Public hearing set for anti marijuana sales ordinance

By Ralph Echtinaw

City council introduced an ordinance Tuesday that will prohibit the sale of marijuana (recreational and medical) in St. Louis.

A public hearing on the ordinance was set for 6 p.m. Tuesday, April 2, at the next council meeting.

cannabis-ban-678x381Although Michigan voters legalized recreational marijuana last November, municipalities have the option to opt out when it comes to stores that sell recreational and medical marijuana.

NOT enacting an ordinance IS an option, but that would make the city wide open for marijuana stores, said City Manager Kurt Giles.

Council seems unanimous in favor of keeping marijuana stores out of St. Louis, at least for now.

“(Marijuana merchants) can’t even use a bank,” Mayor James C. Kelly said. “That’s crazy.”

“There are no good rules in place because of that ballot initiative,” said Councilman George T. Kubin. “So we’ve been really skeptical. We should just opt out of it until better rules are in place. Maybe in the future the ordinance could be rescinded if it needs to be.”

Police Chief Richard J. Ramereiz Jr.: “There’s proposed legislation being introduced from two different groups to modify and change the ballot language as it was passed; taking away things, adding things. So it’s still going to be a muddy mess of things. About the time we try to halfway get it understood and think we know it it’s going to get changed.”

New water main

Council awarded a water main replacement job on Pine Street from M-46 to Michigan Avenue and along Michigan Avenue from Pine to Hazel to Wards Excavating of St. Louis for $405,000.

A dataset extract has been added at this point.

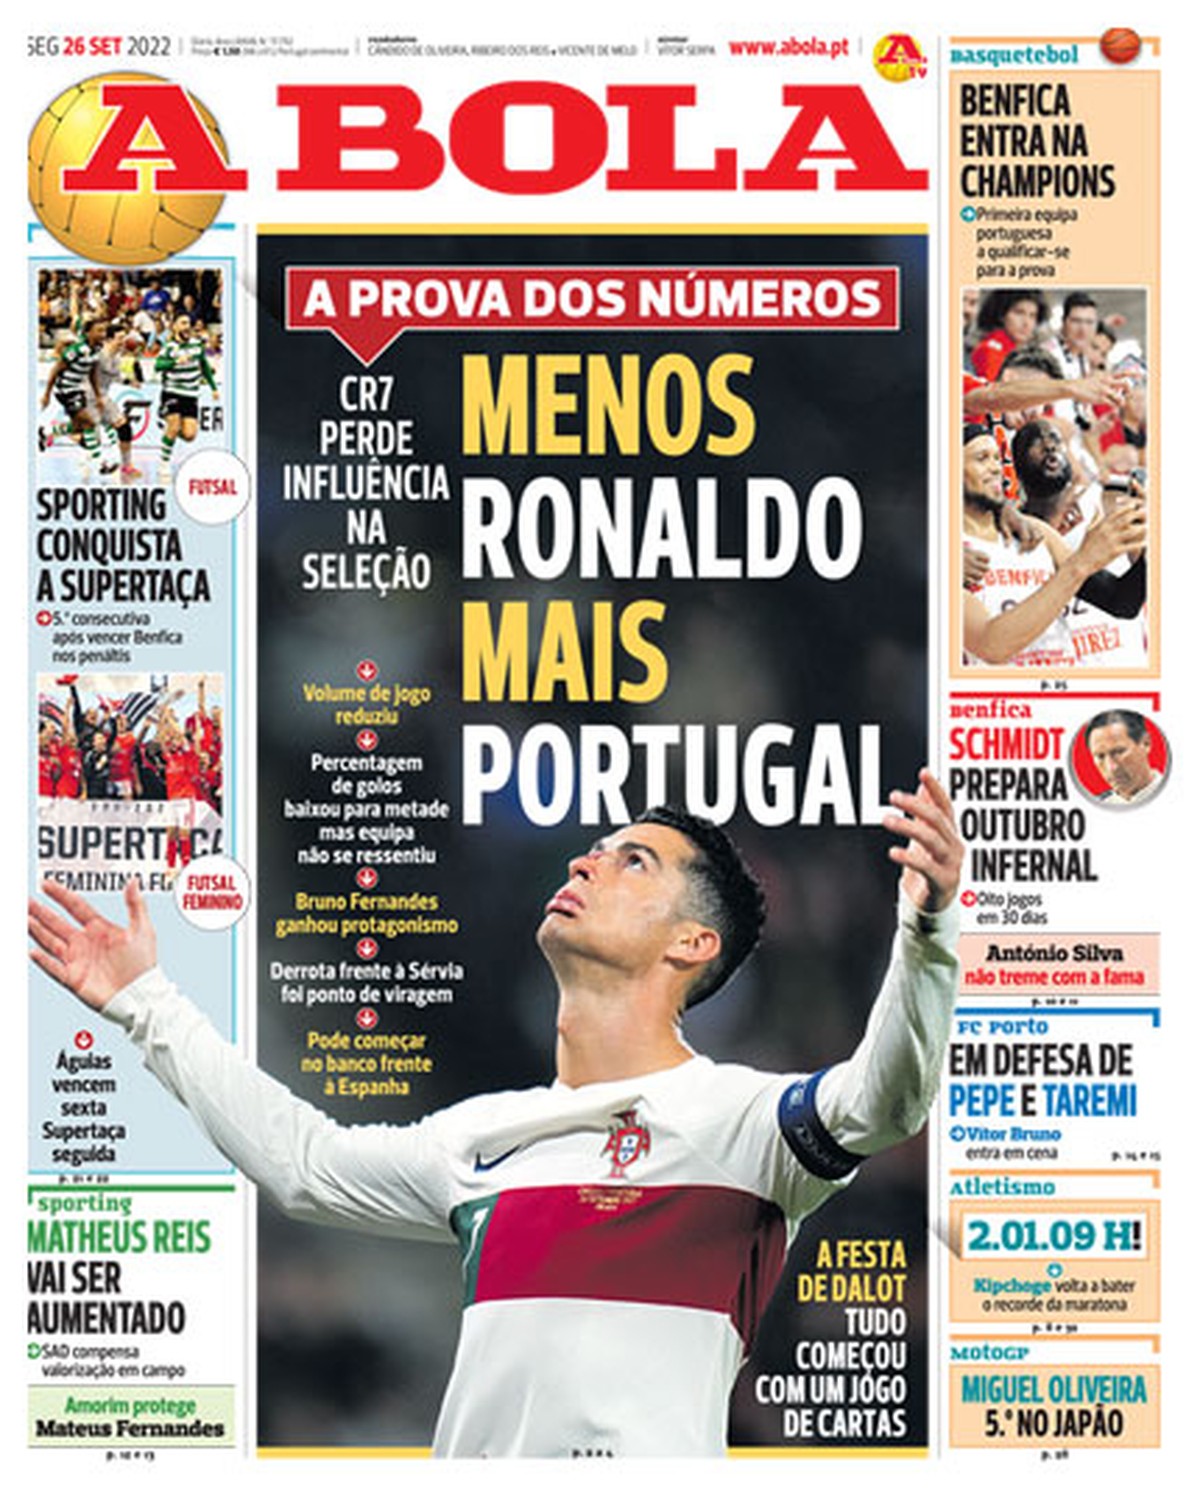 Portuguese newspaper criticizes CR7: "Less Ronaldo, more Portugal" |  international football

Work is expected to take place this year. Digging up the street will be kept to a minimum.

Other bids came from Champagne & Marx ($700,000), Rohde Brothers Excavating ($610,000), The Isabella Corporation ($577,000), Crawford ($526,000), Malley Construction ($516,000) and McGuirk Sand-Gravel ($497,000).

Pool house renovation

Council approved paying Freed Construction $68,693 for exterior renovations to the W. T. Morris Memorial Swimming Pool House on North Mill Street with the understanding that administrators will meet with Kevin Jerome of Freed Construction to get that price down a bit.

For example, the bid from Freed cites removing windows as part of the job, but that will be done by Mid-State Asbestos Removal of St. Louis. So the price can come down a bit on that account.

“We recommend the award to Freed Construction with authorization to negotiate changes to reduce the scope and price,” Giles said.

Once the job is done the pool house will have new windows, doors and a west exterior wall that resembles city hall.

There was one other bidder on the project, as DeShano Companies of Gladwin bid $86,225 to do the same work.

Parks and Recreation

Council approved the appointment of Kristy L. Hardy  to parks and recreation board.

“My husband and I both grew up in St. Louis and are raising our three kids here,” Hardy wrote in a letter requesting the appointment. “I am the supervisor of the deposit operations department at Mercantile Bank of Michigan. I have been with the bank for going on 15 years this summer. I am a committed person. When I am passionate about something I like to go all in. Our family enjoys going for walks and frequently visiting the many parks we have in our small town. It’s amazing how many hidden gems we have in our city. I would enjoy being part of the board to give back to my community. I want to get more involved with keeping our town beautiful and the parks up to date for our children (not just mine) to play at and be safe.”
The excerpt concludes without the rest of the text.